L’opposition dite « majoritaire », est-elle aussi, confinée ? En pleine crise sanitaire liée au  coronavirus, les partis politiques tentent de relever ce dilemme : faire entendre leurs voix sans apparaître en rupture avec l’union nationale souhaitée par Macky SALL pour combattre l’épidémie. Dès le début, le chef de l’Etat avait ainsi convié « tous les acteurs politiques […] à s’inscrire dans cette unité nationale ». En file indienne il a reçu les politiciens connus pour mieux profiter son coup de tir.

Et  lors de sa dernière allocution, Macky SALL a appelé à « bâtir un autre projet dans la concorde […] avec toutes les composantes de notre nation » en mettant en place un comité de pilotage pour sa solution « du vivre – distribution de denrée alimentaire de première nécessité ». Cette solution a trouvé un écho dans toute l’étendue territoriale.

S’opposer malgré les demandes d’unité, est une nécessité

Nous sommes dans un état d’esprit d’union nationale, mais cela ne veut pas dire mettre la poussière sous le tapis, car il y a de nombreuses interrogations. C’est d’ailleurs notre rôle lors des QAG [questions au gouvernement] : relayer les attentes concrètes des Sénégalais sans être dans les polémiques politiciennes. Si des responsables de politique comme Ousmane Sonko, ont ainsi voté non la loi d’habilitation, les autres dits opposants majoritaires sont restés muets face à la situation du pays à l’exception de Boubacar CAMARA et Barthélémy DIAS. Le président et son équipe continuent de laisser des zones de « flou » concernant les tests sur le virus, les écoles (l’année scolaire) ou les mesures économiques.

Dans ces moments difficiles, les oppositions ne doivent pas être stériles.

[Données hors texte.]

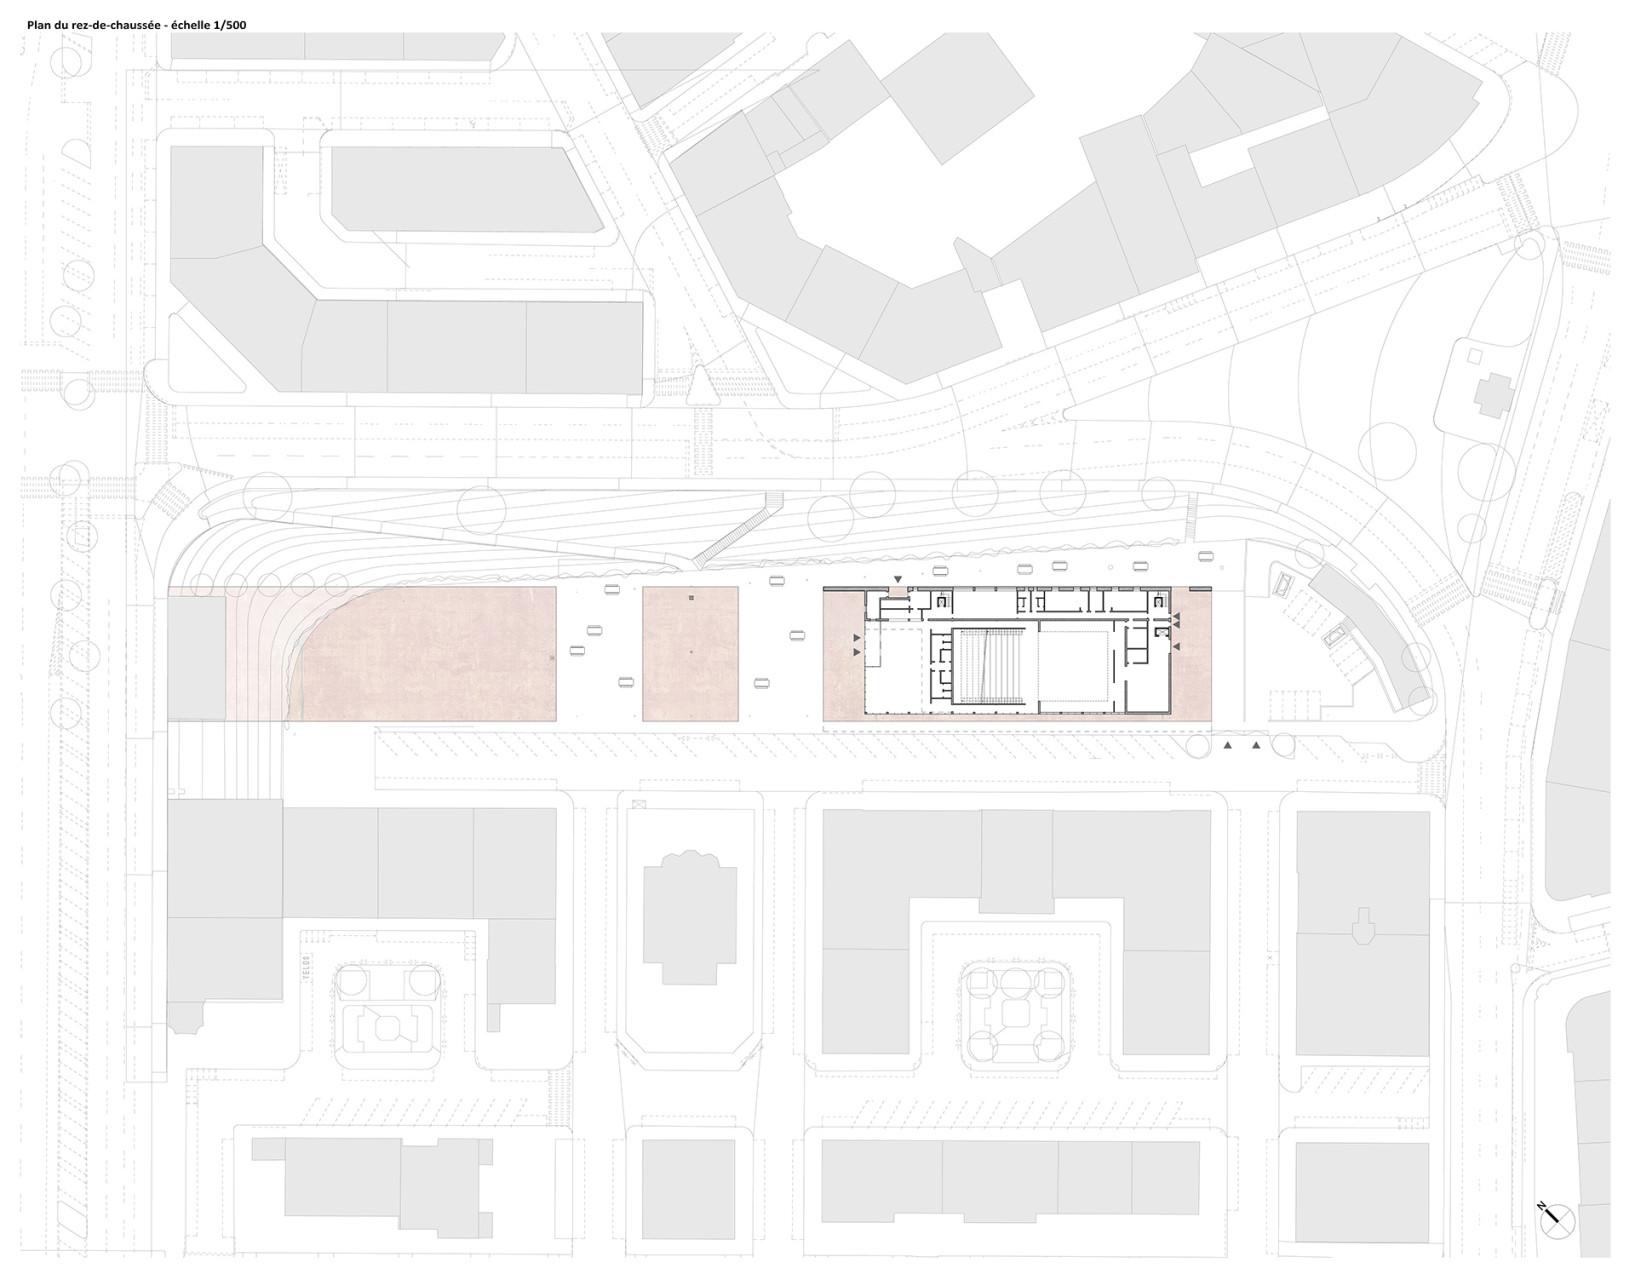 2 Wisp-Architects-Atelier-Arlanch-Pavillon-da-la-danse-Drawing

L’unité nationale ne peut se faire sur le dos des Sénégalais. C’est pourquoi nous continuons à dénoncer les non-dits du gouvernement sur le nombre cas de sénégalais à l’intérieur comme à l’extérieur du pays, l’insuffisance des moyens mis en place pour assurer les tests, le manque de plan économique en cas de sortie de déconfinement, le manque de visibilité sur l’année scolaire en cours etc. Notre rôle, c’est de rester vigilants.

Innover pour se faire entendre

Depuis le début de la crise, l’exécutif est très présent dans les médias. Entre les interviews de ministres, les interventions régulières ou les allocutions de Macky SALL, l’opposition peine parfois à se faire entendre. Il y a des raisons objectives : les Sénégalais ont envie d’écouter l’exécutif, ce sont eux qui sont au pouvoir. Ils veulent savoir à quelle sauce ils vont être mangés, n’oubliant que la crise est d’abord sanitaire avant d’être alimentaire.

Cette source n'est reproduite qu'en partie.